Now, say we want to replace the CIS1 wild-type gene with the cis1 mutant. Suppose cis1 is caused by a A:T → G:C base pair change. Obtain a ura3Δ yeast strain, which has a CIS1 wild-type allele. Additionally obtain a URA3 plasmid. Amplify the URA3 gene from the plasmid using primers homologous to CIS1 flanking sequence. Introduce the amplified DNA into haploid cells, and this DNA will homologously recombine into the CIS1 locus. Select for transformants that have a Ura+ phenotype, and now you’ll have cells with ura3Δ in the original Ura locus, and URA3 in the CIS1 locus. Now transform these yeast with a 100 bp oligo containing the single base pair substitution found in the cis1 mutant. Now select for Ura- transformants, and you’ll get only those individuals where the synthesized cis1 mutant has recombined into the CIS1 locus, displacing the URA3 transgene. Now you have basically a cis1 knock-in. If this individual has the CisR phenotype, then that is your strongest evidence yet that the A:T → G:C variant you discovered in whole genome sequencing is indeed causal.

2-step gene replacement

This technique is also used when you are using yeast as a system for functional studies of mutations found in humans.
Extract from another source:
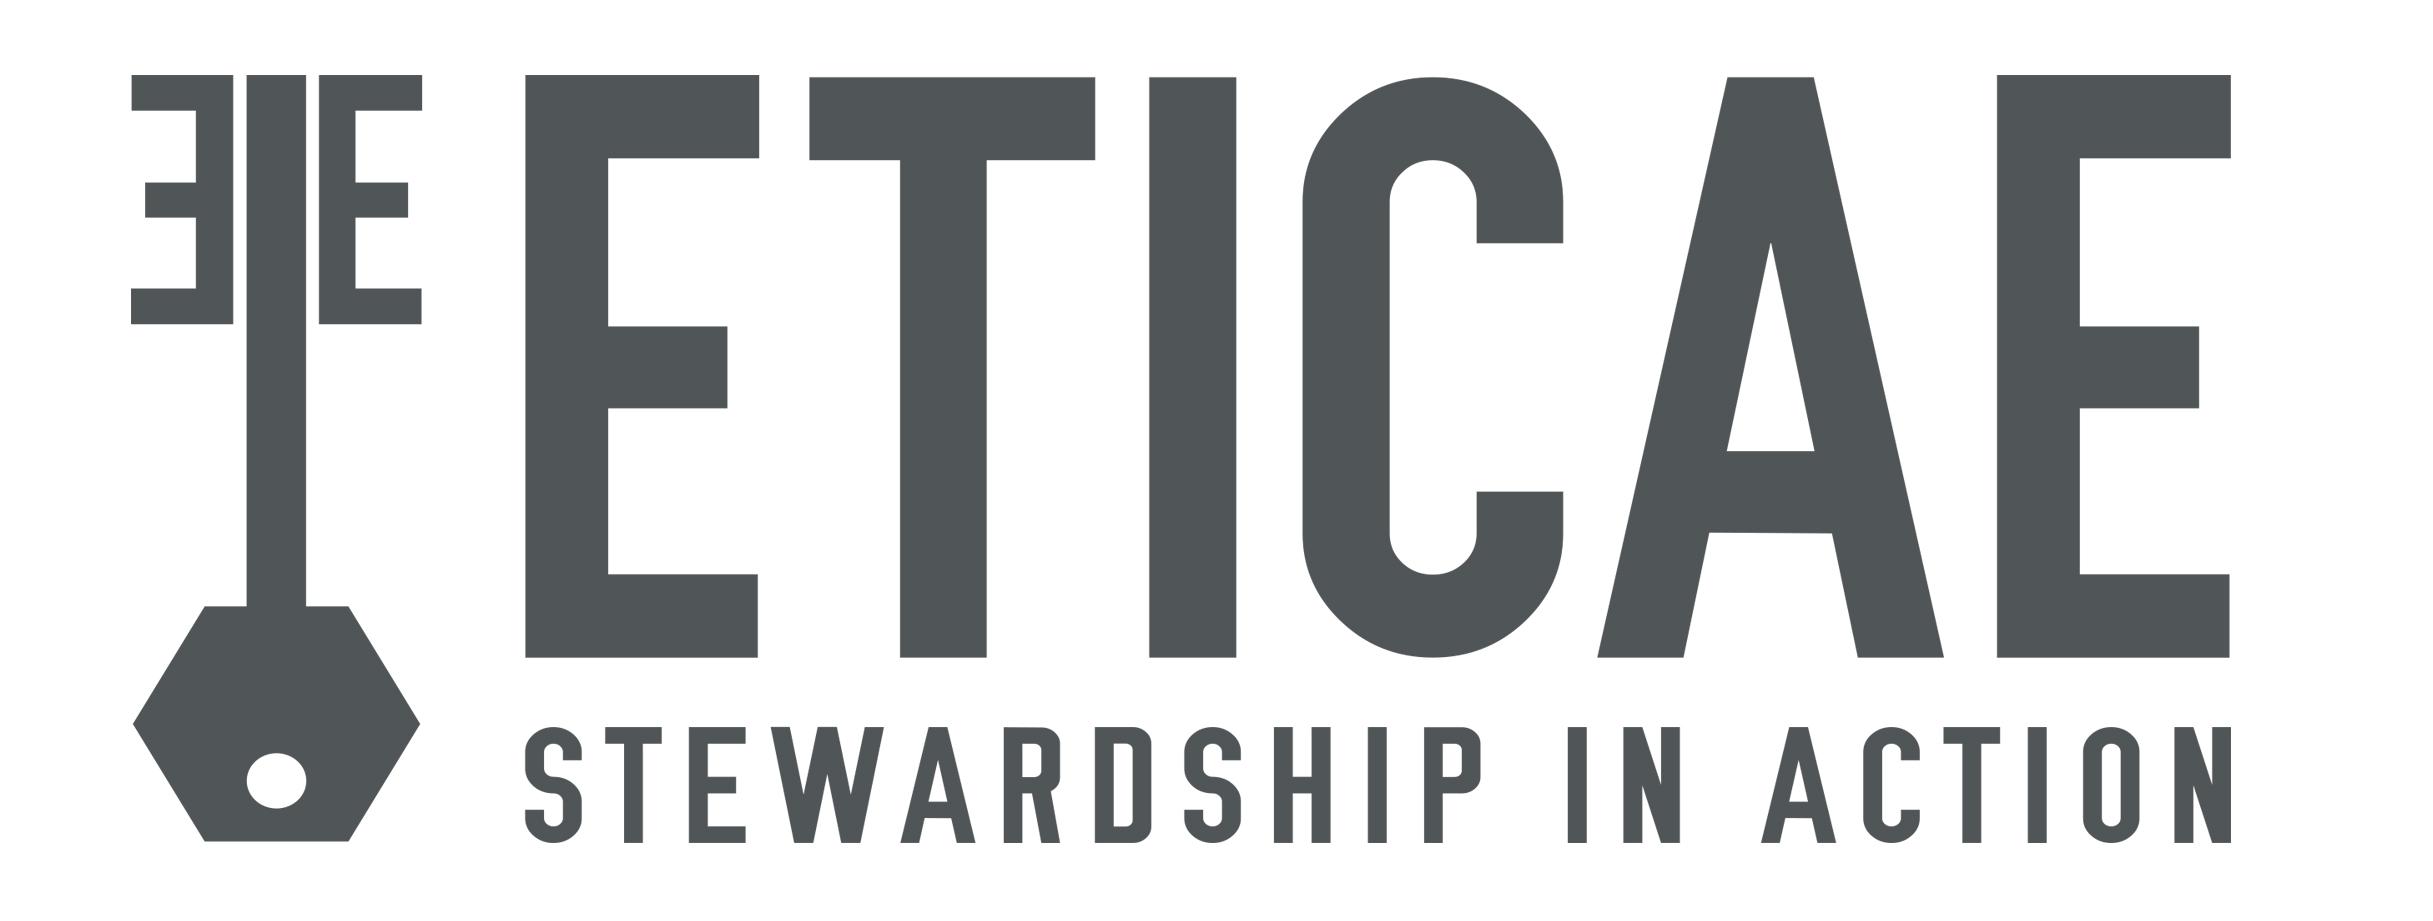 ETICAE STEWARDSHIP IN ACTION

A candidate causal mutation in a human disease can be knocked into yeast using this method. This is also used when you perform yeast mutagenesis and you find there are multiple candidate causal mutations tightly linked in the same gene - you can do this method one by one for each mutation to figure out if one is sufficient for the phenotype.

Genome-wide approaches

A number of new technologies are useful for determining the mechanism by which a mutation affects function, or the native function of a wild-type gene.


As one example, suppose we hypothesize that CIS1 affects transcription of other genes. We might perform mRNA-seq on wild-type, cis1 and cis1Δ strains. A typical mRNA-seq protocol involves the following steps:

  1. Select polyA RNA
  2. Make cDNAs
  3. Shear into fragments
  4. Ligate adapters and PCR amplify
  5. Perform Illumina sequencing
  6. Calculate transcripts per million or FPKMs or something like that for all genes

One might do this to simply compare wild-type to mutant in a baseline state, or one might look at different developmental stages such as meiosis, or might collect RNA after some environmental change such as oxidative stress. In S. cerevisiae, 30 million reads is generally considered sufficient for RNA-seq.

If you were to find that a number of genes were indeed differentially expressed in wild-type versus mutant, you might then ask whether the differentially expressed genes share a common regulatory sequence. Or one might ask whether the list of genes differentially expressed has a non-coincidental overlap with some other published gene list.


If we hypothesize that the Cis1 wild-type protein’s native function is to bind DNA at certain chromatin marks, we might perform ChIP-seq.

  1. Grow wild-type cells.
  2. Apply formaldehyde (CH2O) to cross-link amino groups separated by 2Å over a period of 30 minutes. Where proteins are bound to DNA, this will covalently attach them.
  3. Purify chromatin and sonicate the DNA to fragment it.
  4. Immunoprecipitate Cis1, using antibodies against Cis1 (or maybe you need an epitope-tagged Cis1)
  5. Reverse the cross-linking by heating to 65°C
  6. Sequence the DNA that co-IPed with Cis1

Tetrad example

In class we did a cross of trp1 × pan1. The results were 15 P, 13 N, and 2 T. P ≈ N, so the two genes are not linked to each other. The ratio is 1:1:<4, indicating that both markers are tightly linked to their centromeres.